DIGITAL SIGNATURES


What are Digital Signatures?

Digital signatures allow a person to sign a digital object in much the same way they would apply a signature to paper and with the assurance that the signature cannot be forged and neither the document or the signature can be modified without making the signature invalid.


Under what circumstances are Digital Signatures required?

A valid digital signature gives a recipient of an object reason to believe that the object was created by a known sender, that the sender cannot deny having sent the object and that the object was not altered in transit. Digital signatures are commonly used for IT transactions where it is important to detect forgery or tampering. For example, they can be used by clinical staff to sign electronic health records (much as they would physically sign a paper-based record).


How are Digital Signatures achieved?

A digital signature scheme typically consists of three algorithms:

  • key generation algorithm that selects a private key uniformly at random from a set of possible private keys. The algorithm outputs the private key and a corresponding public key.
  • signing algorithm that, given a message and a private key, produces a signature.
  • signature verifying algorithm that, given the message, public key and signature, either accepts or rejects the message’s claim to authenticity.

National Digital Signature Frameworks

eSignature v1.0

eSignature v1.0 is an electronic signatures recommendations document that explores the legal context for electronic signatures on clinical documents (Prescriptions, Dispense Records, Referrals, Specialist Letters, Diagnostic Imaging Requests and Reports, Discharge Summaries), explains key concepts relating to electronic signatures, and analyses the clinical and business risks associated with the signer’s identity in order to draw conclusions about the most appropriate signature mechanisms to use on different types of clinical documents.

It has been developed by the National E-Health Transition Authority (NEHTA) and refers extensively to NEHTA’s National Authentication Service for Health (NASH) Public Key Infrastructure (PKI).

The applicability of digital signatures as a requirement in the Health and Medical research requires ongoing examination.


What are the Australian Standards for Digital Signatures?

The Australian Signals Directorate (ASD) provides extensive guidance to Commonwealth entities surrounding standards to safeguard data ranging in different levels of sensitivity, from “unclassified but sensitive or official information not intended for public release” (UD), through “protected” (P), to “Top Secret” (TS). Associated security controls are outlined in the ASD’s Information Security Manual (ISM).

Whilst it is only Australian Government agencies that are required to adopt the ASD controls outlined in the ISM, the controls also provide a useful framework for non-government organisations to consider when protecting data that ranges across various levels of sensitivity.

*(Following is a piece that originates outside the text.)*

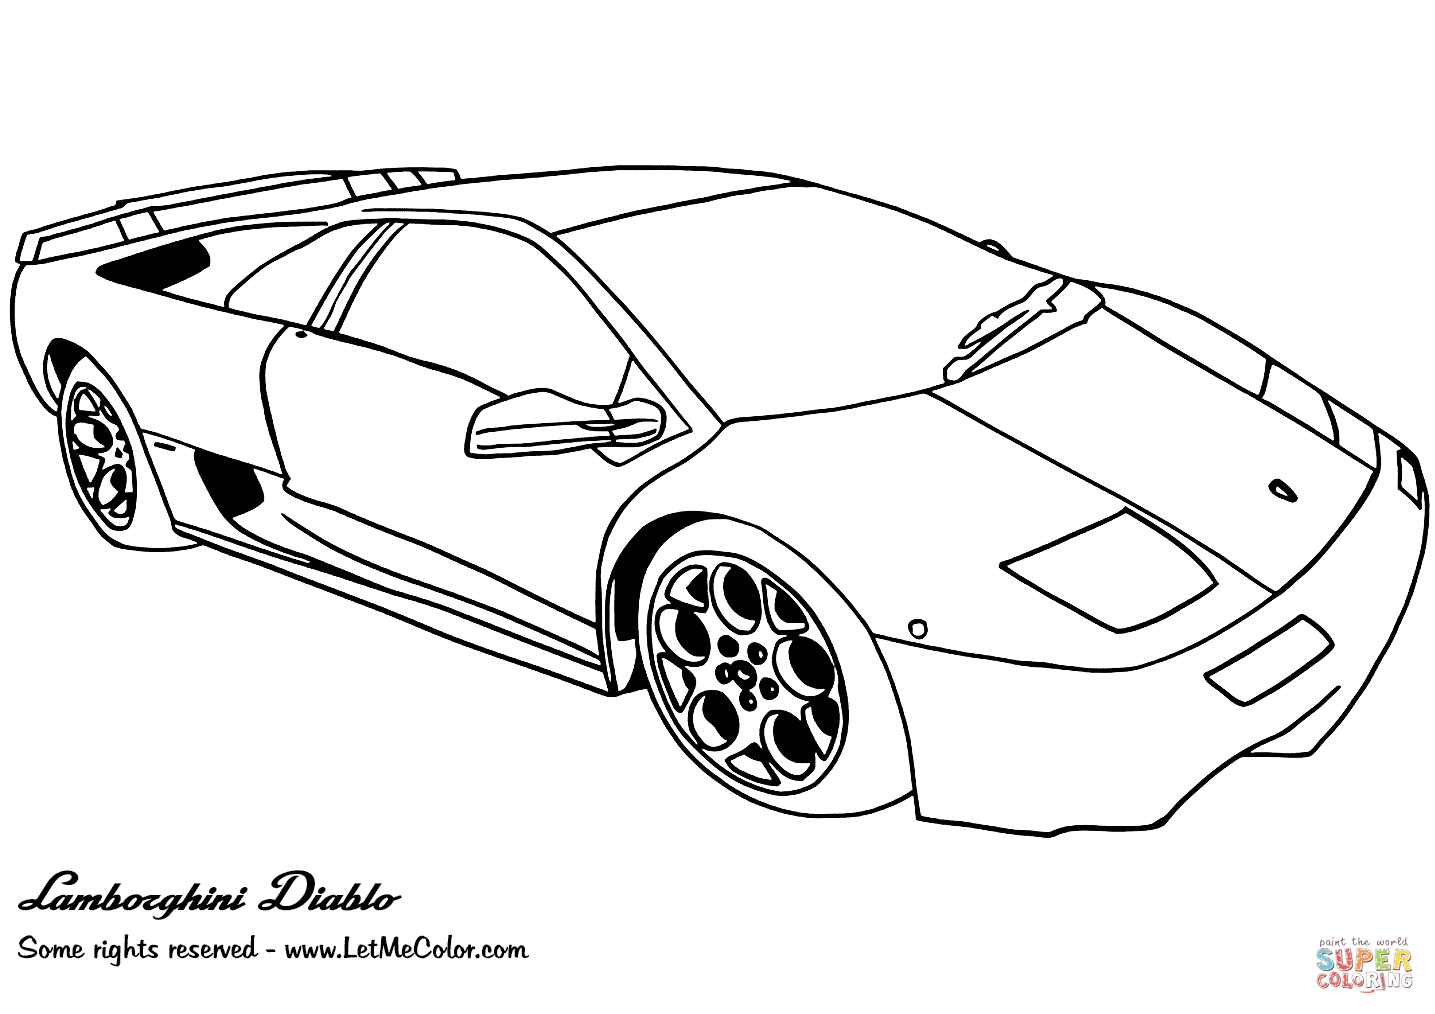 Lamborghini Diablo Coloring Pages

Data of this type includes Personal Health Information that contains identifying aspects which is considered to be both “sensitive”[1] and “protected”[2].

The following ASD controls are issued for agencies in protecting data that are considered “unclassified but sensitive or official information not intended for public release” (UD) or “protected” (P).

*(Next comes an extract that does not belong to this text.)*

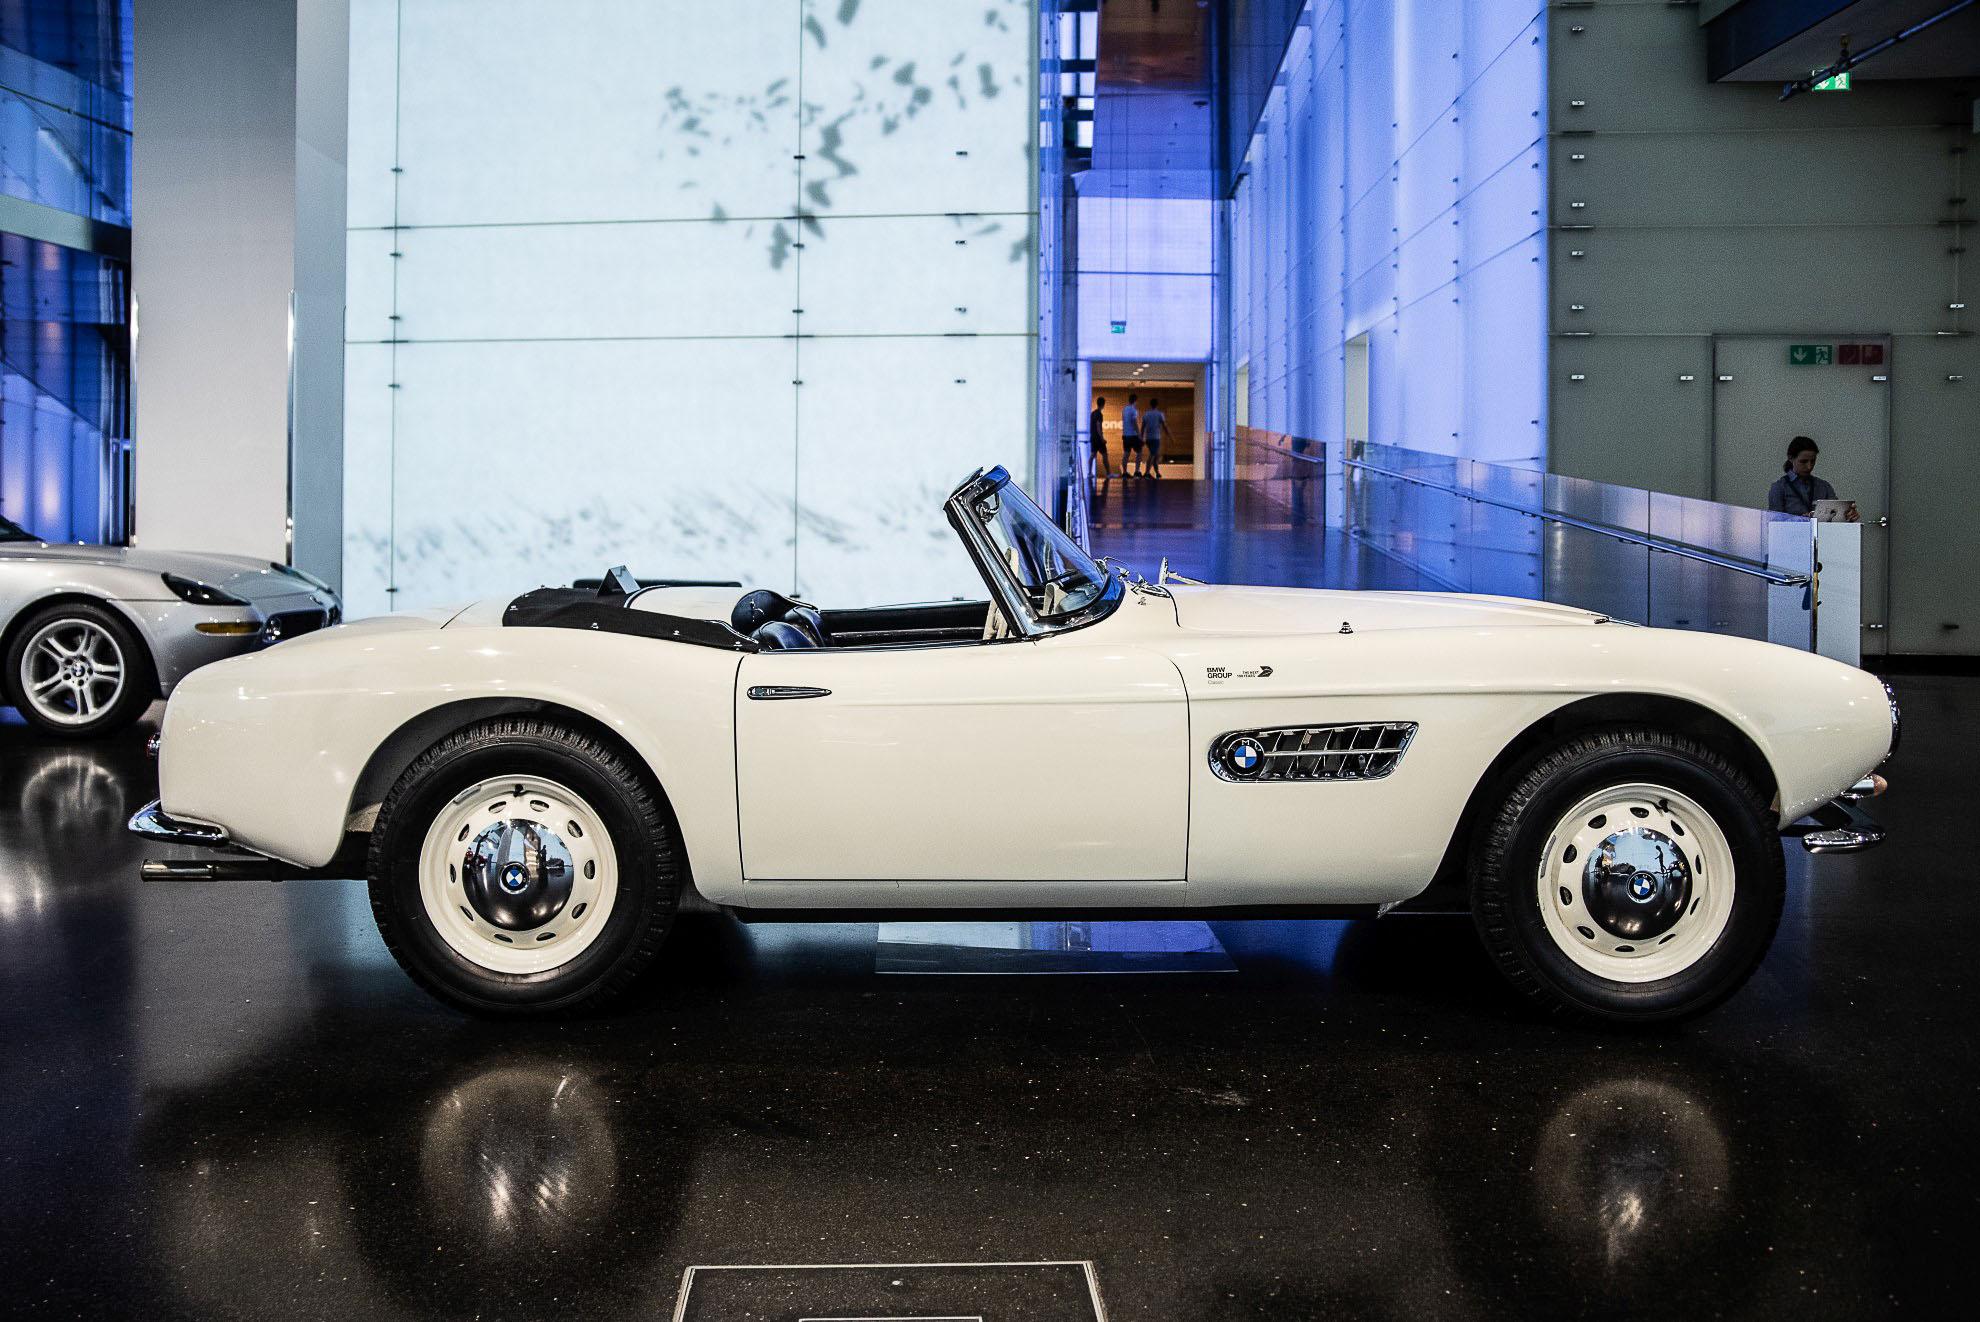 BMW 507 i BMW Z8 w Muzeum BMW w Monachium

ASD Approved Cryptographic Algorithms (AACA)

The ASD approved asymmetric/public key algorithms for digital signatures are:

  • Digital Signature Algorithm (DSA)
  • Elliptic Curve Digital Signature Algorithm (ECDSA)
  • Rivest–Shamir–Adleman (RSA)

Digital Signature Controls

ASD Control: 0473; Revision: 3 states that agencies using DSA for the approved use of digital signatures must use a modulus of at least 1024 bits.

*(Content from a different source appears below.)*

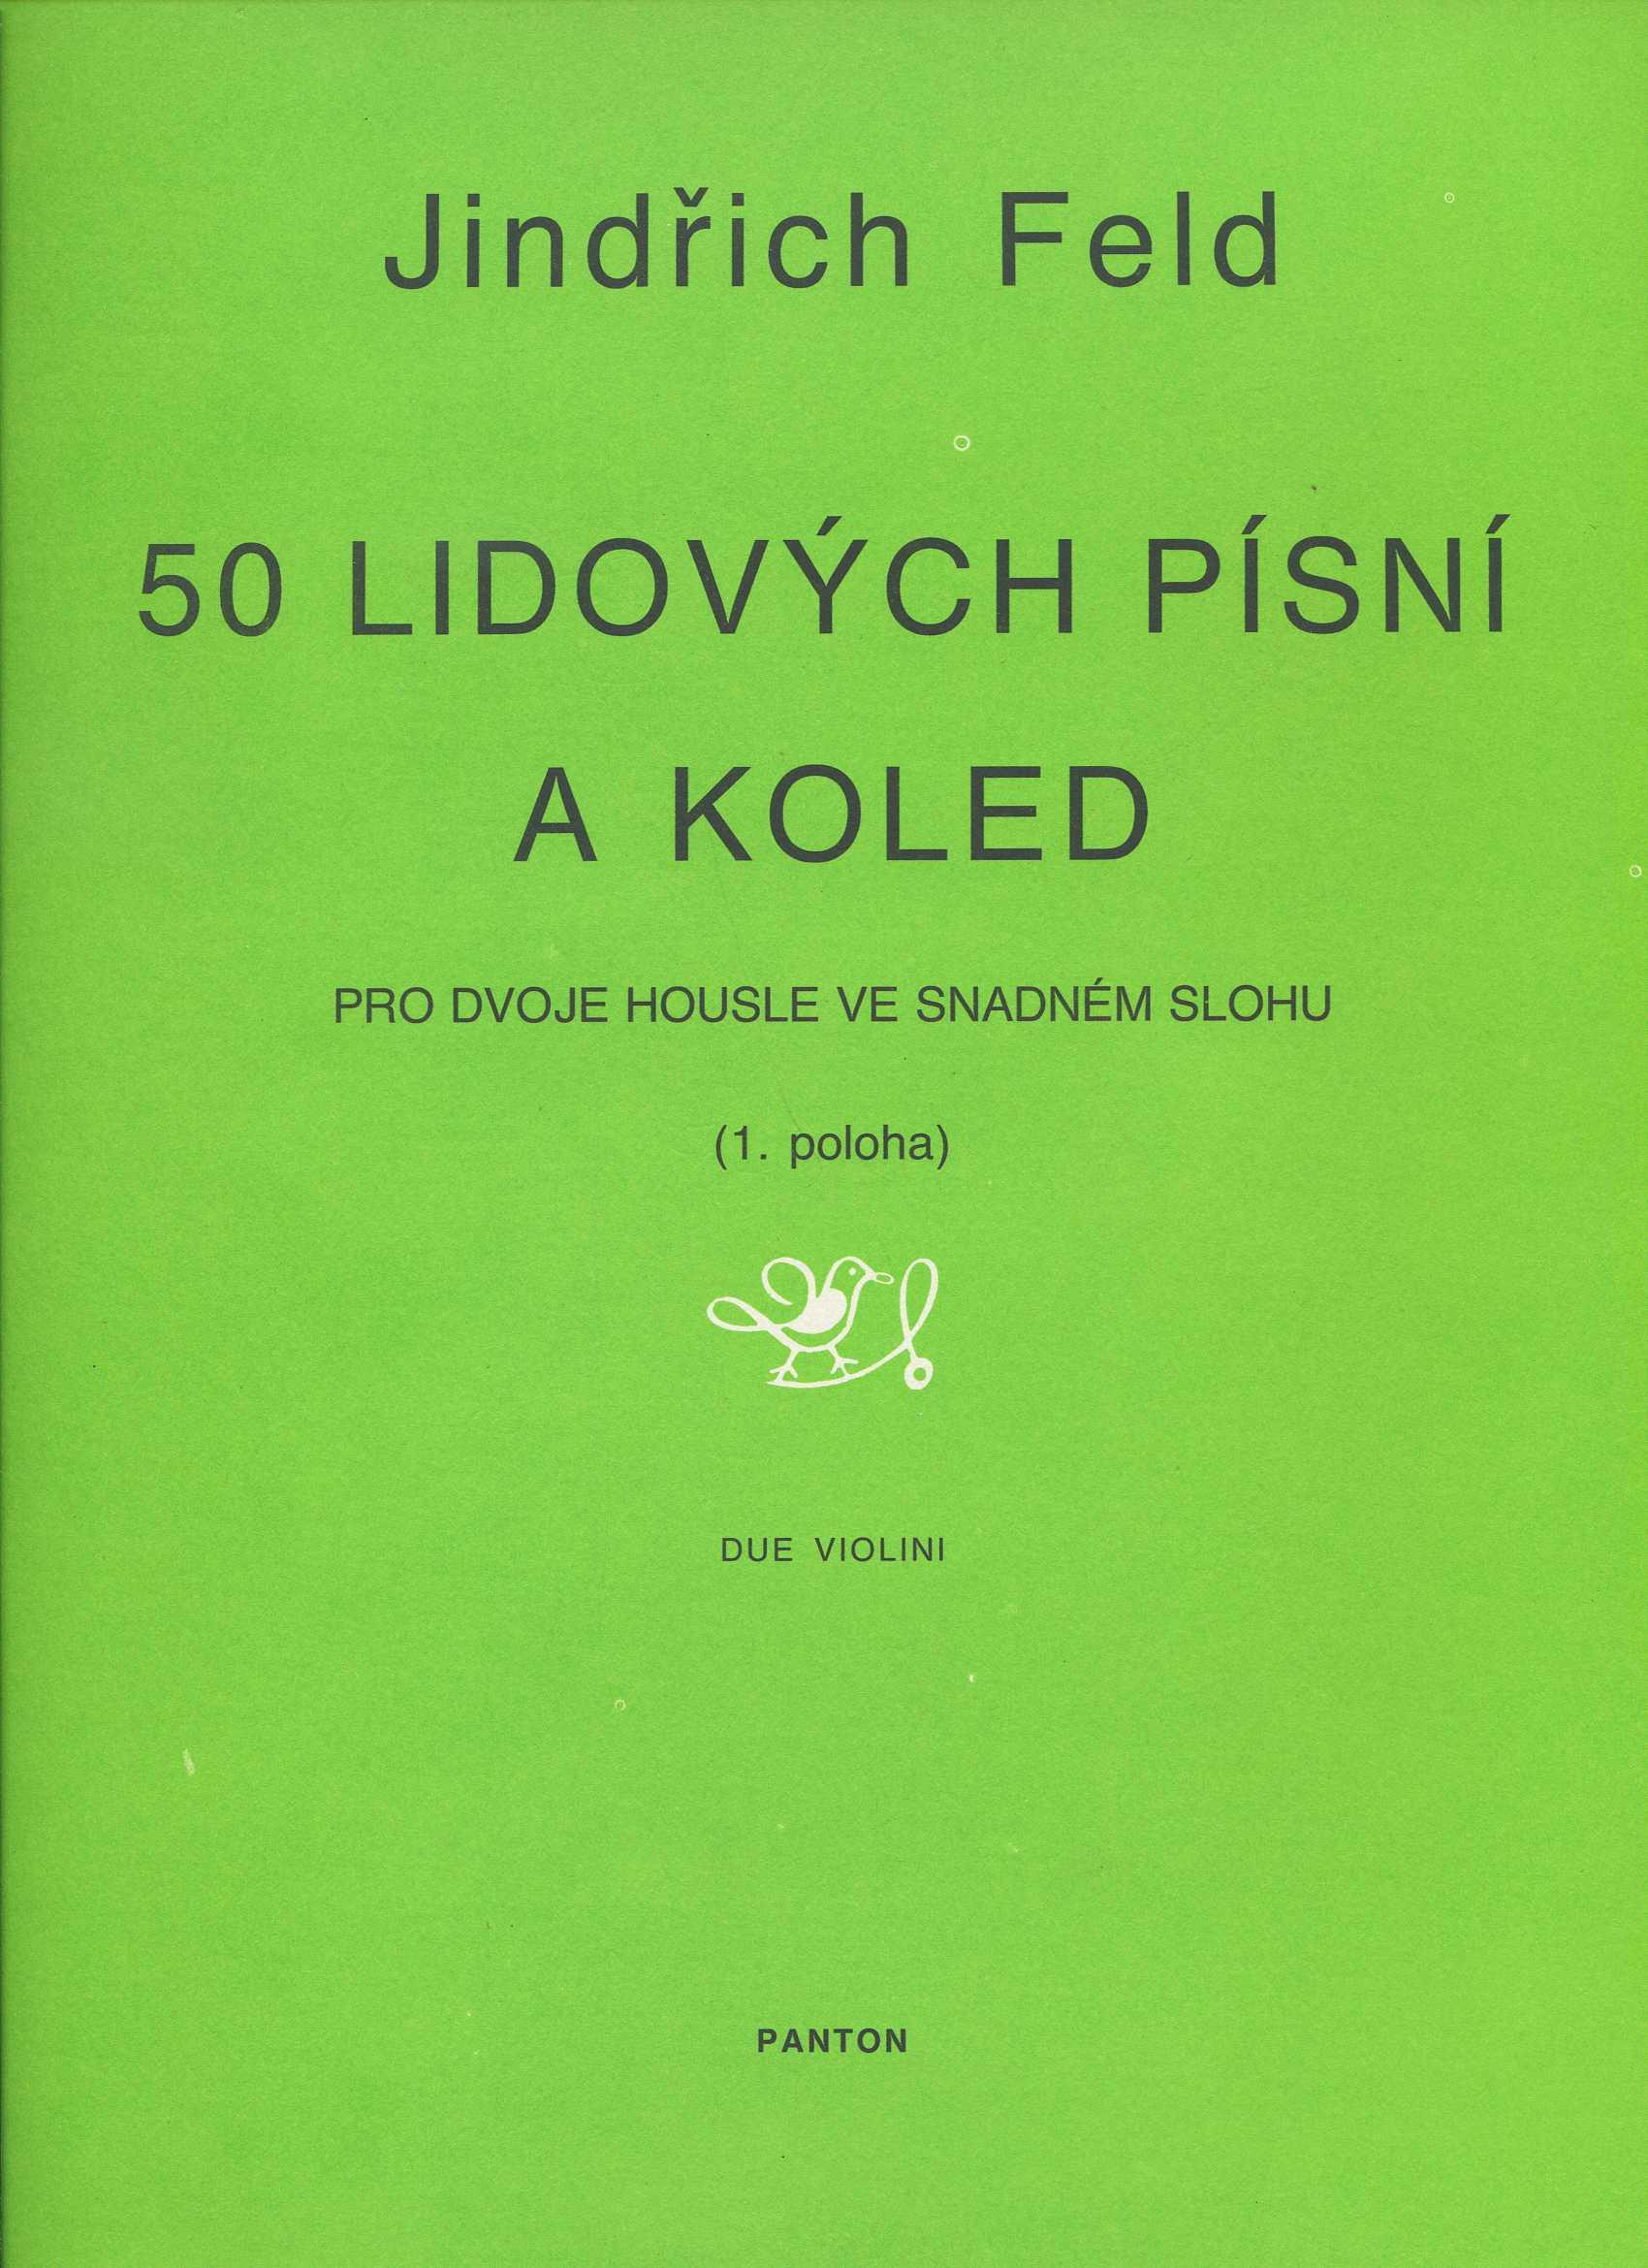 50 lidových písní a koled - pro dvoje housle ve snadném slohu / 1. poloha

ASD Control: 0475; Revision: 3 states that agencies using ECDSA for the approved use of digital signatures must use a field/key size of at least 160 bits.

ASD Control: 0476; Revision: 4 states that agencies using RSA, both for the approved use of digital signatures and passing encryption session keys or similar keys, must use a modulus of at least 1024 bits.

ASD Control: 0477; Revision: 5 states that agencies using RSA, both for the approved use of digital signatures and for passing encryption session keys or similar keys, must ensure that the key pair used for passing encrypted session keys is different from the key pair used for digital signatures.

Data Integrity Checks

ASD Control: 1292; Revision: 0 states that agencies should verify the integrity of content where applicable, and block the content if verification fails.


[1] The Commonwealth Privacy Act (1988) http://www.oaic.gov.au/privacy/privacy-act/the-privacy-act) defines what is considered personal and sensitive information in Australia. Personal Information means information about an identified individual, or an individual who is reasonably identifiable, and of relevance to med.data, Sensitive Information includes: Information about an individual’s Racial or ethnic origin or Sexual orientation or practices; Health information; Genetic information and Biometric information.
[2] The US HIPPA Privacy Rule (http://www.hhs.gov/ocr/privacy/hipaa/administrative/privacyrule/index.html ) defines protected health information” as individually identifiable health information, including identifiable demographic and other information relating to the past, present, or future physical or mental health or condition of an individual, or the provision or payment of health care to an individual that is created or received by a health care provider, health plan, employer, or health care clearinghouse. Genetic information is considered to be health information.